UNITED STATES -- It's been a confusing and frustrating final weeks of the year for taxpayers and their financial advisors as Congress struggled to reach a compromise on the fiscal cliff.

"It's a very difficult task giving advice sometimes when you don't know what the tax laws are," said Frank Squadrito Jr., a Certified Public Accountant partner at D'Arcangelo and Co.

With a number of proposals floating around Congress, accountants have had to plan for a variety of scenarios, without certainty in any of them.

"Taxes are going to go up next year, at least to some degree. The question is, how much," said Mike Reilly, a Certified Public Accountant, Partner in Charge of Tax Department at Dannible and McKee.

Financial advisors have been trying to predict the effects on individuals if the Bush tax cuts will expire, be extended for everyone or just be extended for certain incomes.

"I think it's a big concern because it really puts taxpayers in an uncomfortable position because they can't plan. They're advisors can't plan.
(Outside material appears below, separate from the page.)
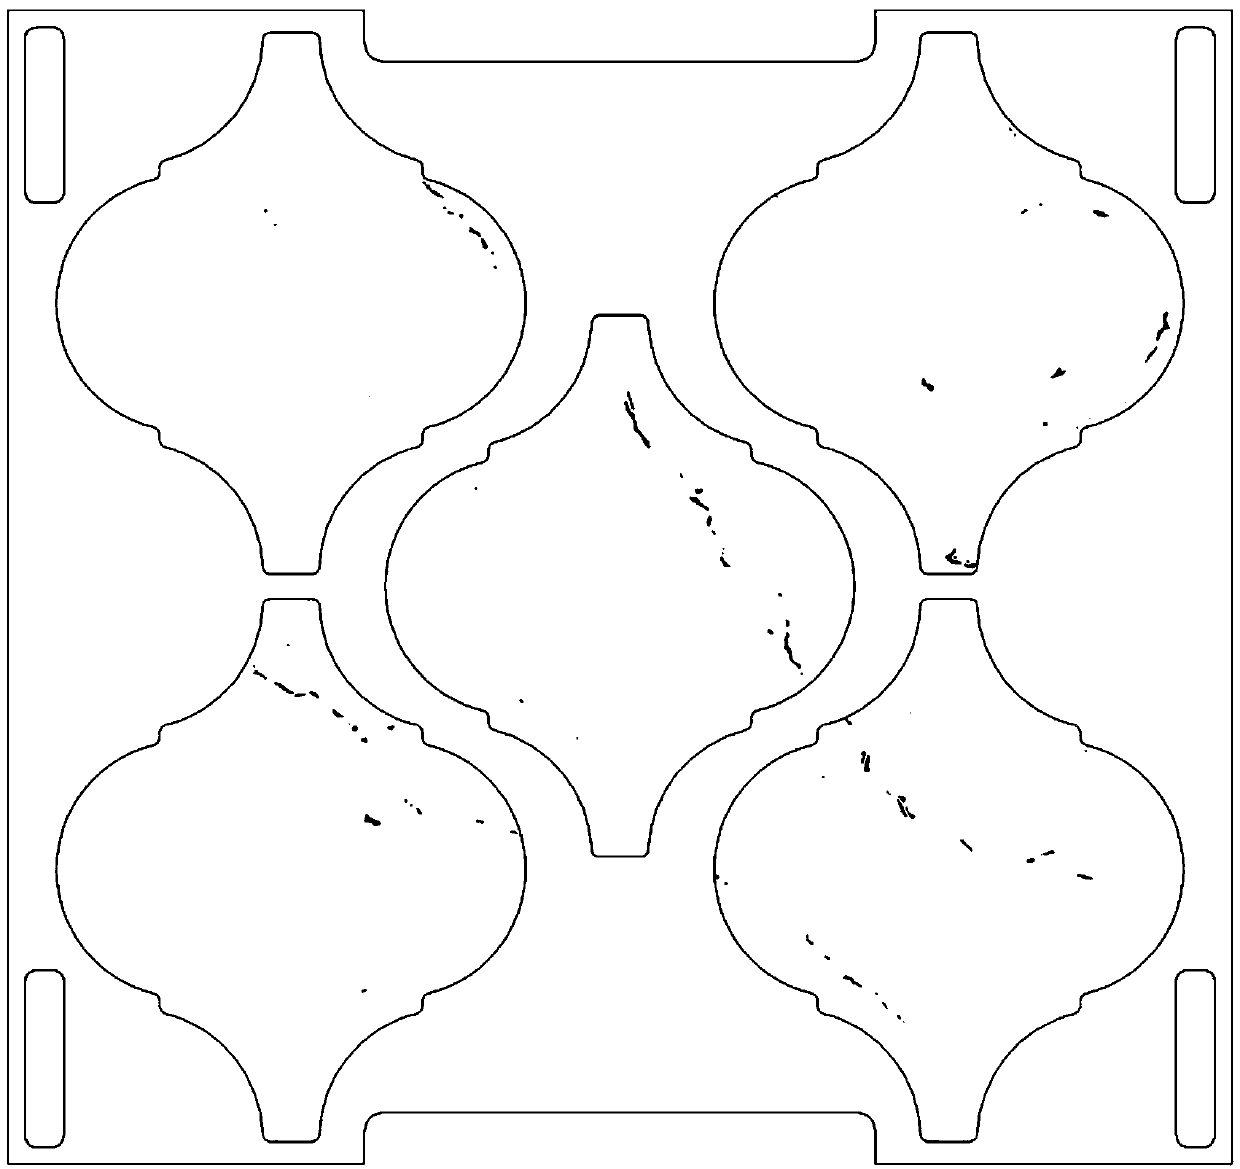 Preparation method of glass mosaic with marble patterns on the whole body

It's actually costing them more money because as advisors, we have to run the calculations several times. We have to run them on a guess and then when it does pass, we might have to run additional calculations," said Reilly.

In most cases accountants have advised clients to cash in stocks in 2012 to avoid potential double digit percentage tax increases on those profits in 2013.

"It's hard to tell people, 'Why don't you pay more tax this year, so you'll pay tax less next year.' That's a hard sell sometimes," said Squadrito.

Reilly added, "If they have long-term capital gains, that's taxed at a 15 percent rate right now for federal. That's the lowest rate it's probably going to be for a long period of time."

While some clients have taken that advice, many simply can't afford to.

Financial advisors say regardless of how the crisis is resolved, everyone will feel the effects, as Congress will have to address the mounting federal debt.

If a decision isn't made by the New Year, there's still a chance that something could be done retroactively. But experts say the longer agreement put off, the harder it will be to mitigate the effects.